建立快速螢光檢測平台應用於診斷人體基因變異
建立快速螢光檢測平台應用於診斷人體基因變異
近幾年來,大眾開始對健康與預防醫學的重視,而使得【基因檢測】成為相當重視的國家發展主題與學術研究項目。自2000年人類基因體計畫完成以來,越來越多的基因功能被解讀成功,已超過2000種基因相關疾病被發現,如今已有700多種基因相關疾病已開發出相應藥物及治療方法,且癌症與許多罕見疾病。基因檢測是偵測染色體結構中之DNA序列是否發生變異位點或基因表現程度,提供受檢者與醫療研究人員評估一些與基因遺傳有關的疾病、體質或個人特質的依據,也是精準醫學分析的一種方法。每一個人的DNA基因都是獨特的個人化資訊,造成每一個人的先天體質,健康狀況,特徵都不相同;2008年,美國時代雜誌曾經把這個革命性技術評選為2008年度最佳創新之首。
而現行基因檢測技術經常需要使用到一些昂貴耗材或大型儀器,使得檢測費用較高 (約2000-5000元等),且須時數日至數週,因此並非所有實驗室皆可完成之檢驗技術,而為了使基因檢測技術更簡單、方便、準確且快速,本研究開發一『快速應用螢光於基因變異檢測之技術』,應用於分析運動神經元存活基因(survival motor neuron gene,簡稱SMN)以診斷脊髓肌肉萎縮症(spinal muscular atrophy,簡稱SMA)。
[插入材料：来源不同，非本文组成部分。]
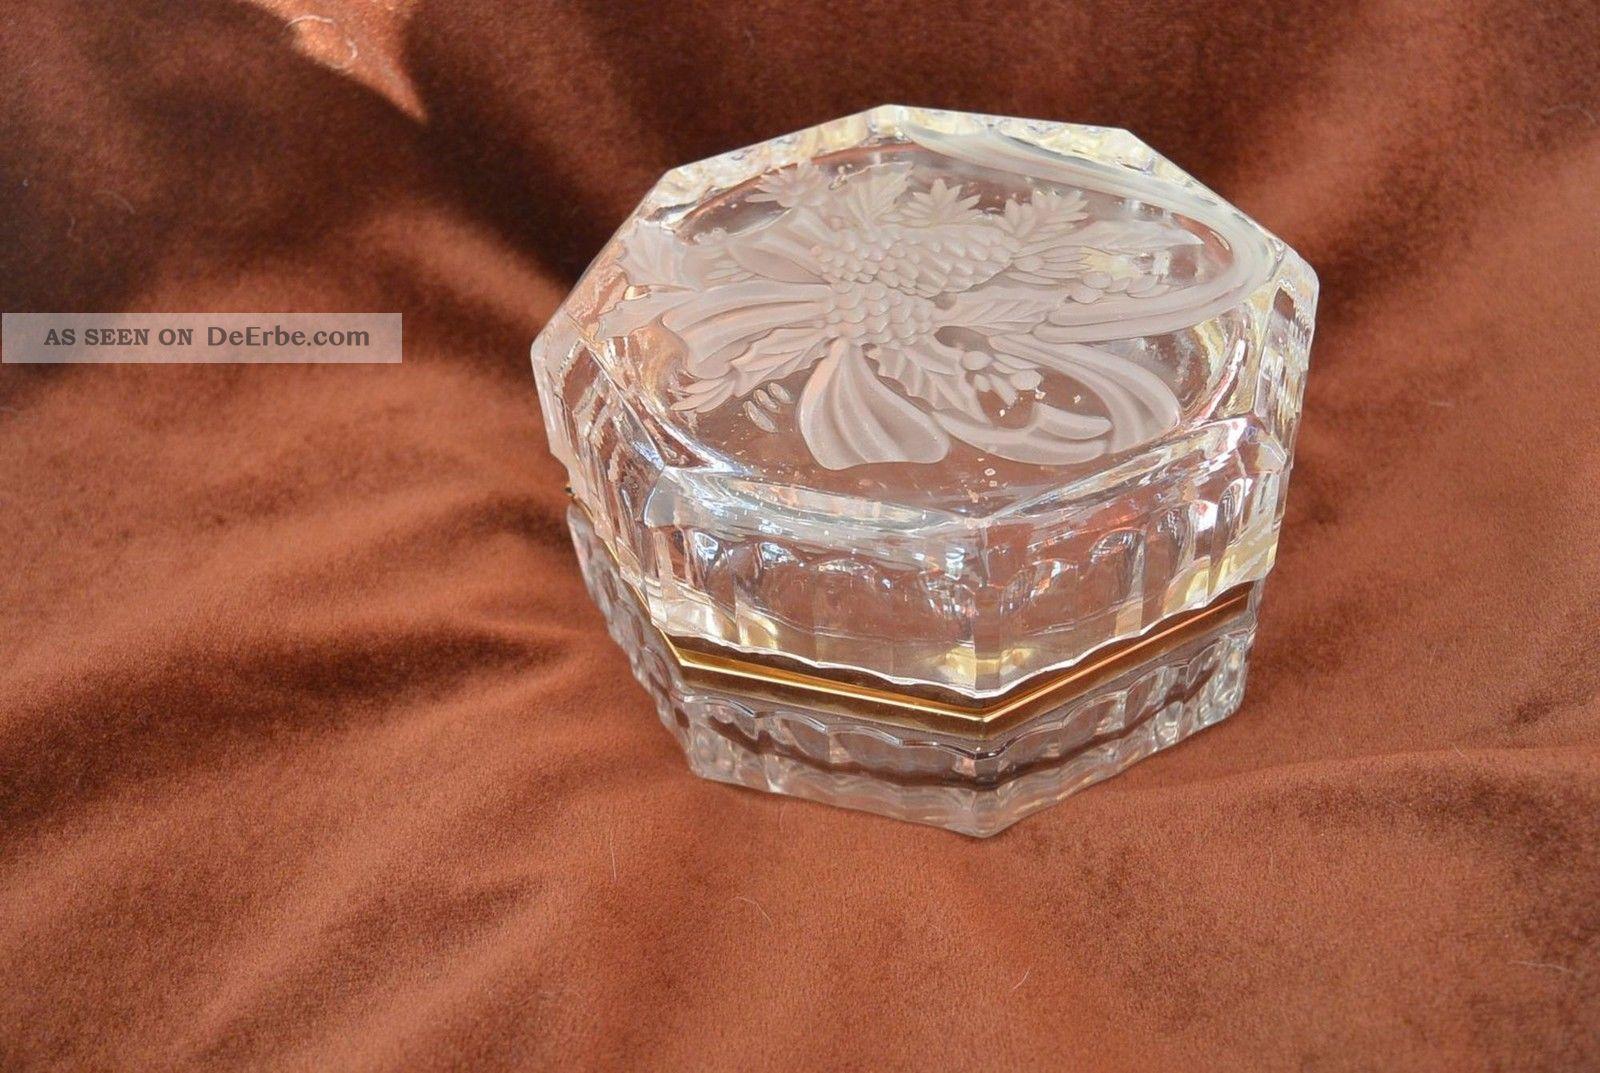 Bleikristall Konfektschale Deckeldose Klappbar Scharnier Messing Kristall Bild

脊髓肌肉萎縮症為一種先天遺傳的疾病,造成病患肌肉無力且萎縮,輕症者行動不便,重症者則會因呼吸衰竭而死亡。現行已知運動神經元存活基因為控制此疾病之基因,於懷孕初期診斷該基因可96%預防此疾病發生或進行即早治療,因此該基因檢測已是懷孕婦女必檢測之基因項目之一。目前為止,臨床上有數種方法可用來診斷該基因,包括有限制酶酵素分解法(RFLP),real-time PCR方法、denatured HPLC (DHPLC),毛細管電泳法、質譜分析法或Multiplex Ligation-dependent Probe Amplification (MLPA)等,但該些方法就如同前述的傳統基因分析方法,分析耗時且需要一些昂貴耗材或大型儀器。而本研究為使基因檢測更加簡單且快速,設計一快速螢光基因檢測平台,其原理如圖形摘要所示,僅須於引子對修飾Biotin基團與螢光基團,另搭配磁珠基因捕捉與純化,最後用限制酶酵素將捕捉基因片段進行剪切,即可應用螢光的強弱變化,了解該運動神經元存活基因為何種基因型。此方法方便、簡單且快速,且該方法具有通用性,只要選擇適當的限制酶酵素即可應用於不同基因之檢測,相當地適合應用於分析各種不同類型的基因變異。
圖形摘要
應用與亮點:
1.基因檢測是偵測染色體結構中之DNA序列是否發生變異位點或基因表現程度,提供受檢者與醫療研究人員評估一些與基因遺傳有關的疾病、體質或個人特質的依據,也是精準醫學分析的一種方法。
2.本研究開發一『快速應用螢光於基因變異檢測之技術』,應用單純螢光強弱於分析運動神經元存活基因(survival motor neuron gene,簡稱SMN)以診斷脊髓肌肉萎縮症(spinal muscular atrophy,簡稱SMA)。
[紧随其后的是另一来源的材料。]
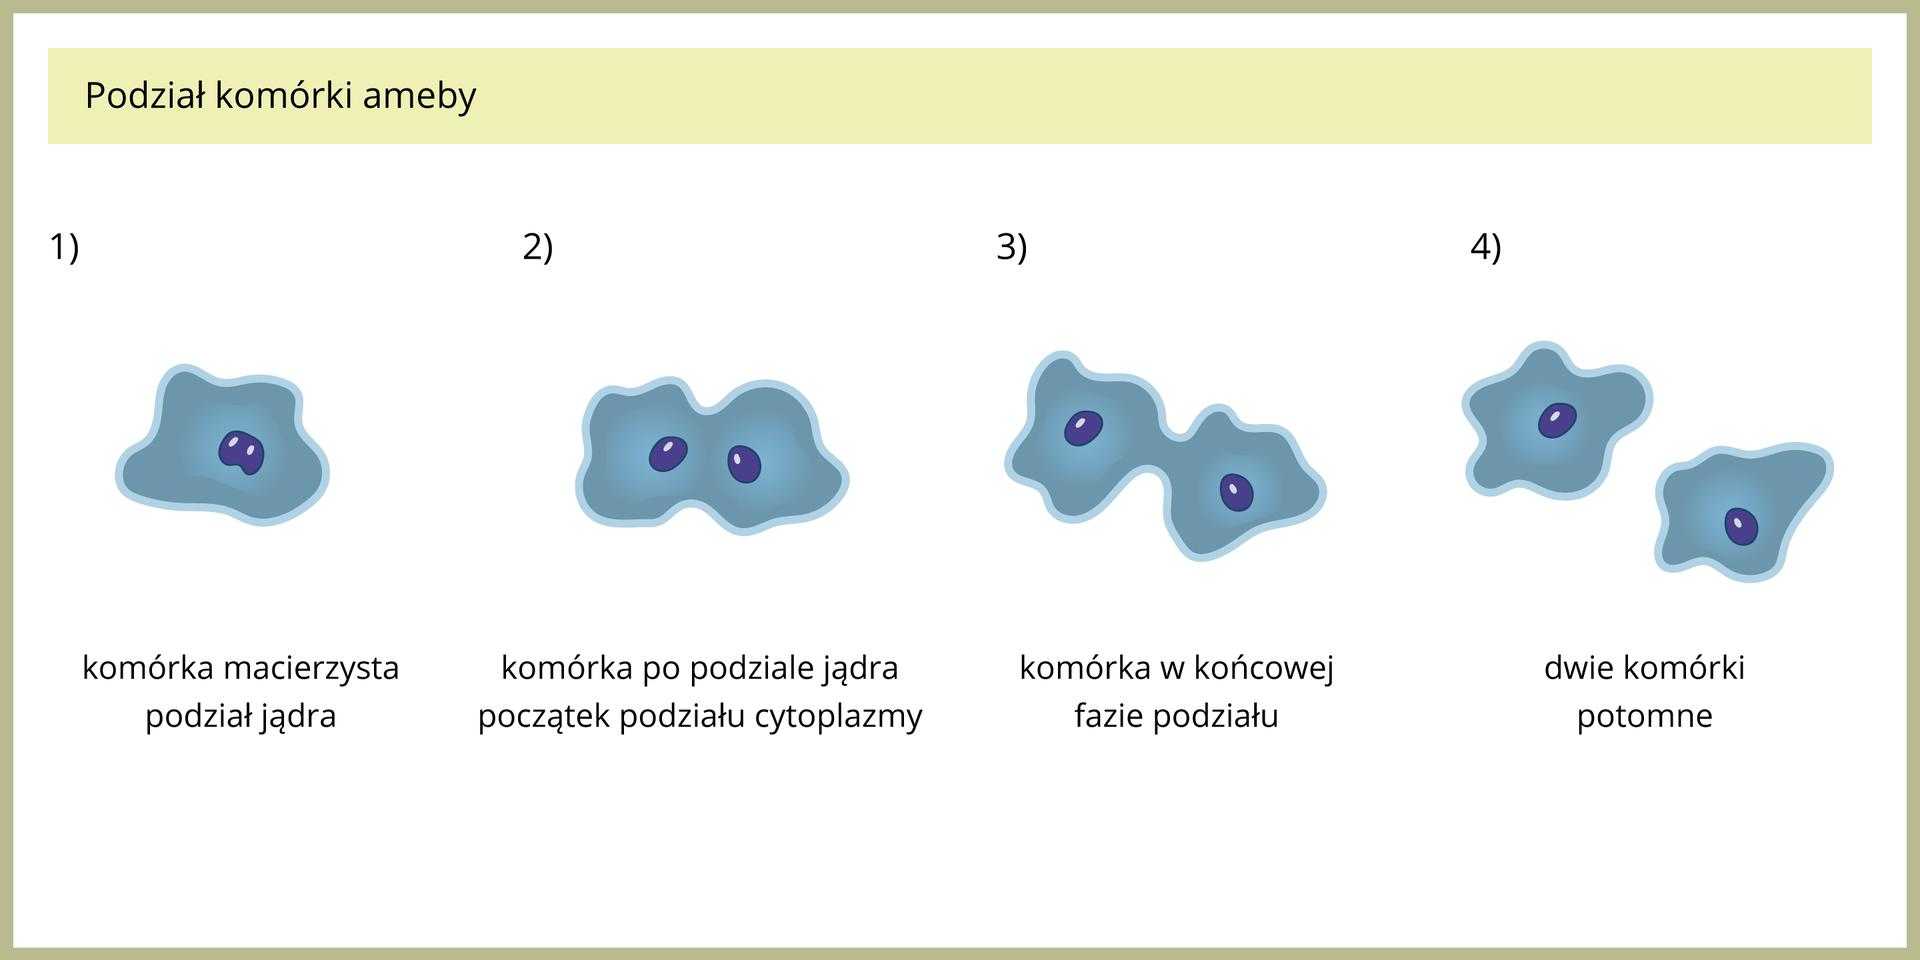 Ilustracja przedstawia niebieskie komórki zciemnymi jądrami komórkowymi. Ukazano je wtrakcie rozmnażania przez podział wczterech fazach. Wpierwszej od lewej jądro komórkowe zaczyna się rozrastać. Wdrugiej są już dwa jądra, akomórka wydłuża się izwęża. Trzeci rysunek przedstawia komórkę zdwoma jądrami komórkowymi, mocno zwężoną wśrodku. Na końcu ukazano dwie komórki.

3. 此方法方便、簡單且快速,且該方法具有通用性,只要選擇適當的限制酶酵素即可應用於不同基因之檢測,相當地適合應用於分析各種不同類型的基因變異。
【研究團隊】
團隊成員:王俊棋、陳俊安、鐘育志、柯黃盛
代表單位:高雄醫學大學 藥學系
團隊簡介:
該研究團隊長年來致力於毛細管電泳法、藥物分析、基因分析、特殊探針及引子設計、奈米粒子合成及應用等,已開發出多項藥物監測或基因檢測之技術,且獲得多項專利。
研究聯繫Email:chunchi0716@kmu.edu.tw
【論文資訊】
論文出處:Analytical Chemistry 2018, 90(19): 11599–11606.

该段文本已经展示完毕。